Der Münchner Visual-Effects-Producer Christoph Hierl sagt der taz, dass es im vorliegenden Fall nicht um Kosten gehe. In den Größenordnungen von Mammutproduktionen „zählen politische Entscheidungen“. Billiger sei es nicht, am Computer mit CGI-Simulationen eine Brückensprengung zu generieren oder die Sprengung eines in kleinerem Maßstab nachgebauten Brückenmodells zu filmen.
Viele RegisseurInnen würden dennoch auf moderne Techniken zurückgreifen, und die Zuschauer nehmen deren realistische Darstellungen an.

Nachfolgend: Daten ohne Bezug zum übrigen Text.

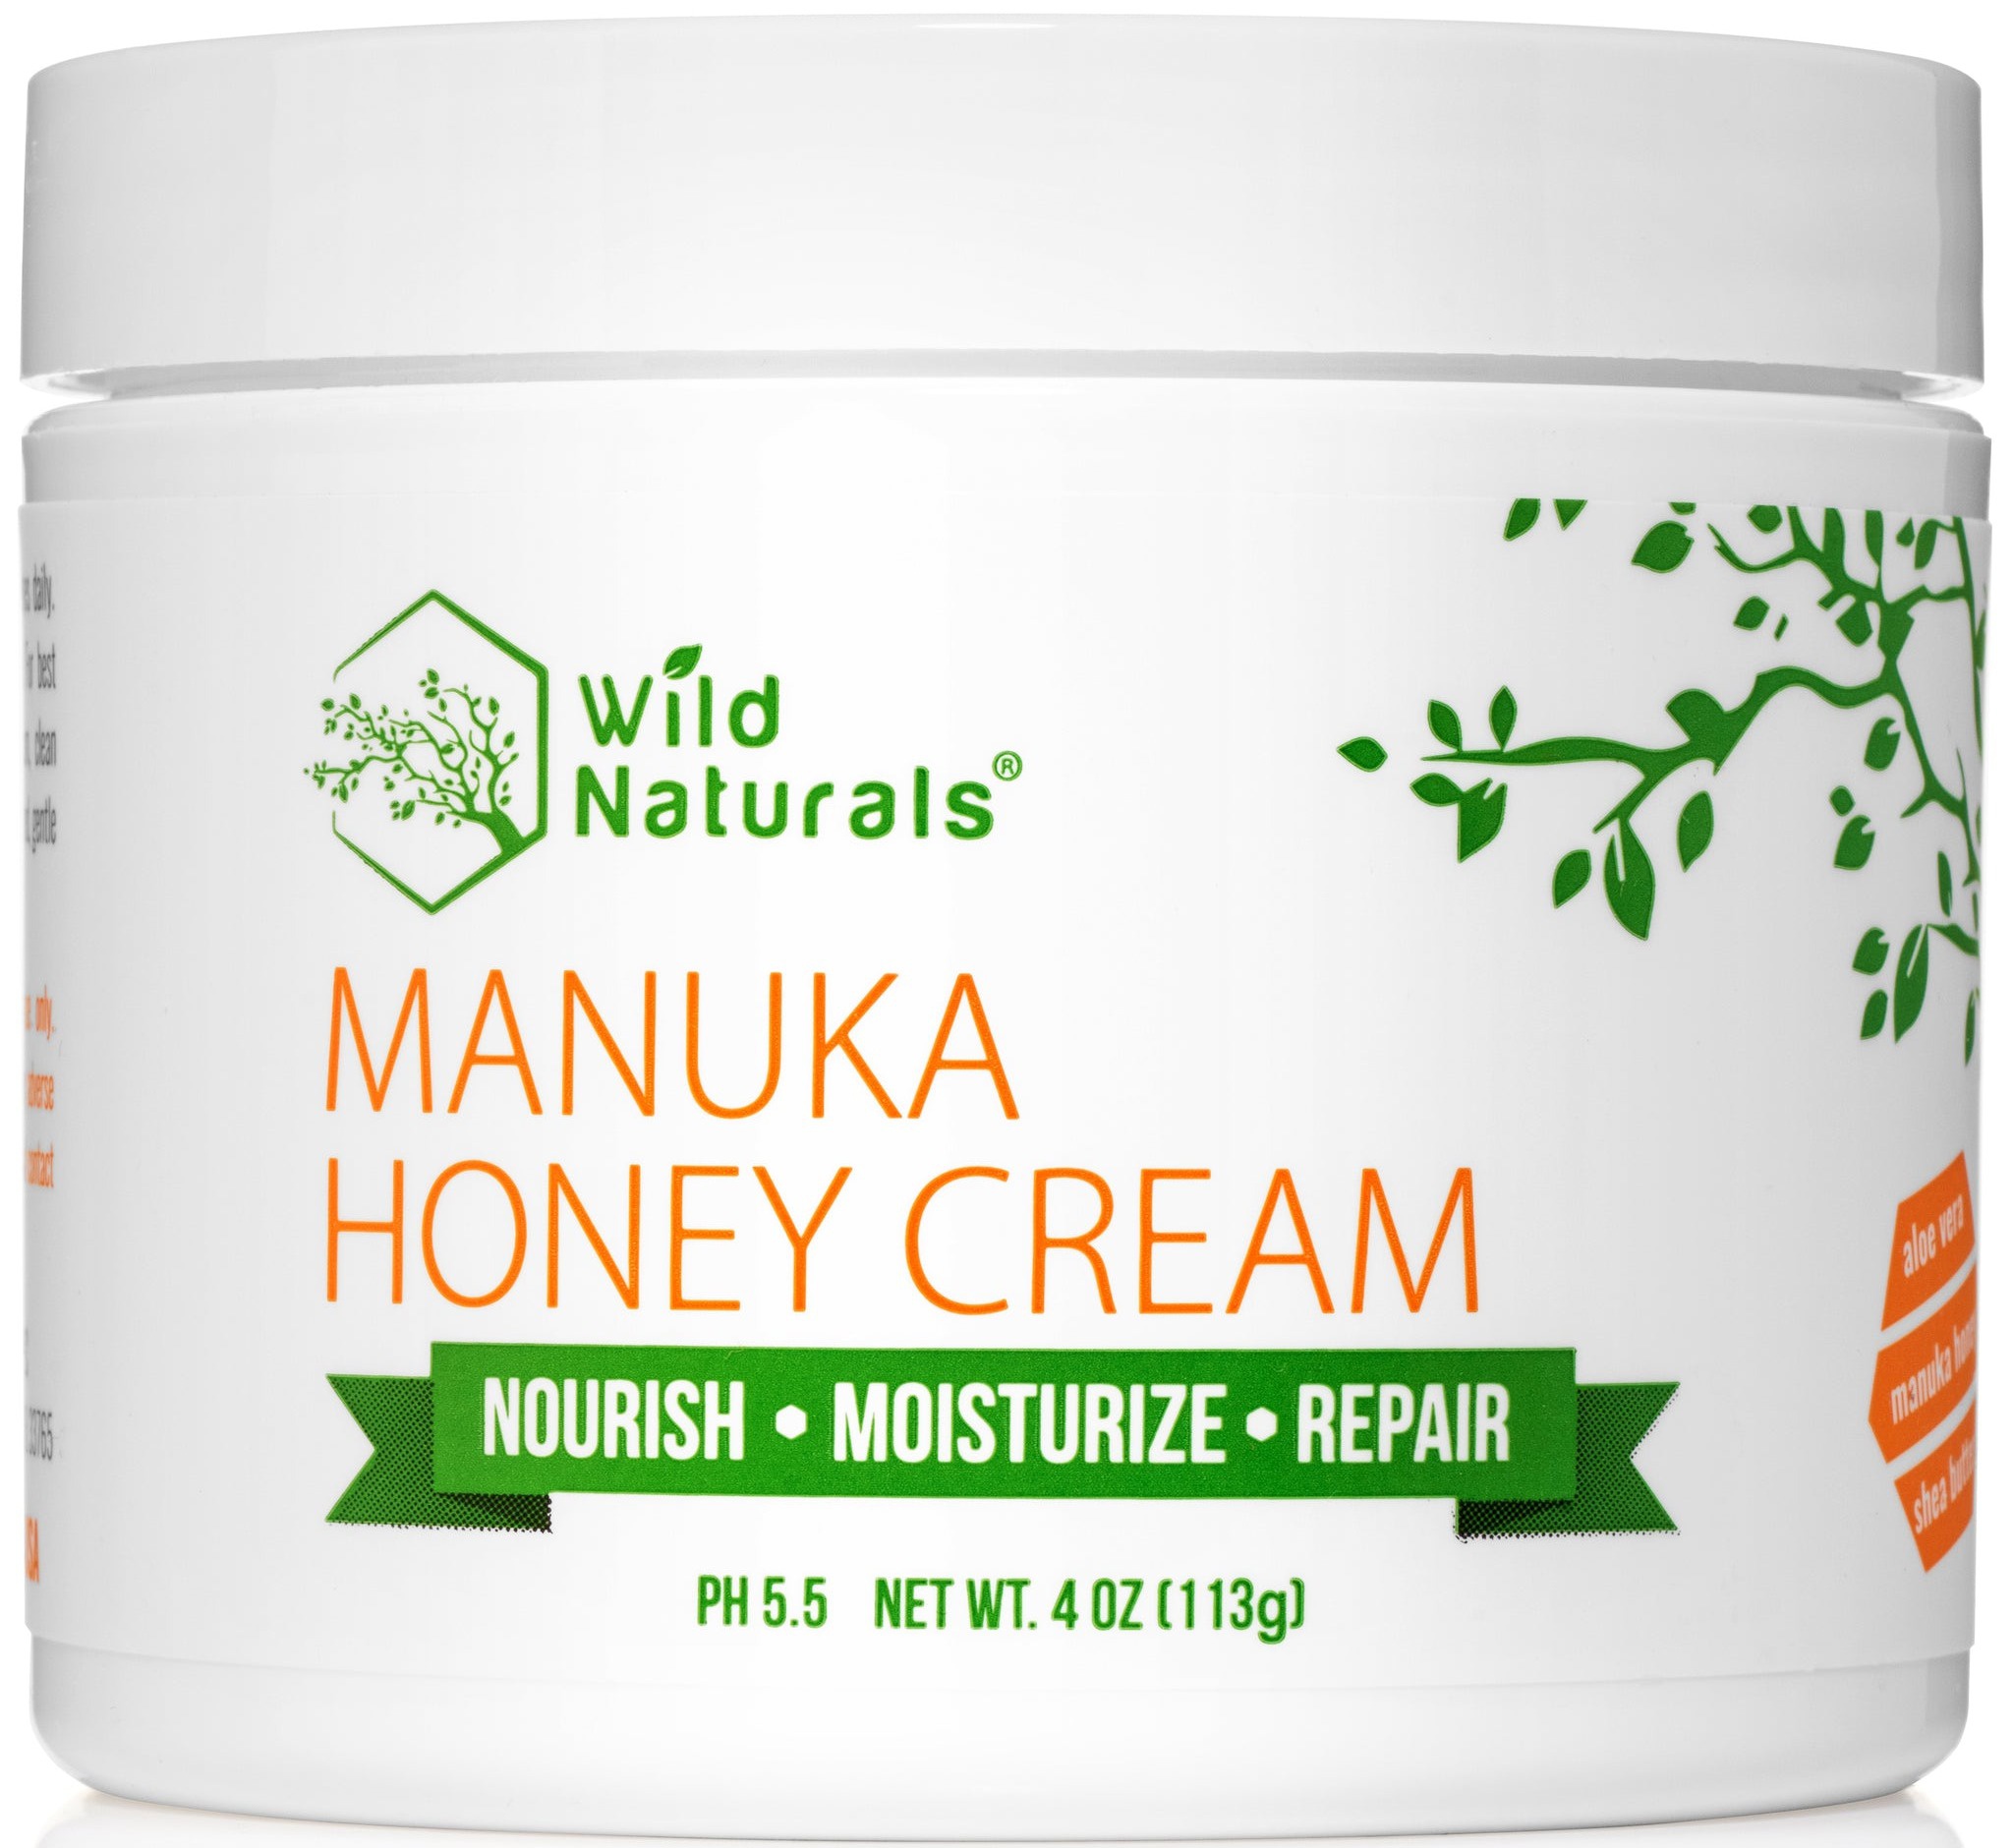 Wild naturals Manuka Honey Cream

Von seinen eigenen Jobs für Filmproduktionen kennt Hierl außerdem einen „Ehrenkodex“ bei Dreharbeiten. Schauplätze werden nicht verwüstet hinterlassen, auch in der Filmbranche habe man inzwischen Nachhaltigkeit als Modus Operandi entdeckt.
Im Abspann vieler Werke taucht längst der Satz „no animals were harmed in the production of this film“ auf. Schön, wenn das auch für die Bobertal-Eisenbahnbrücke gelten würde.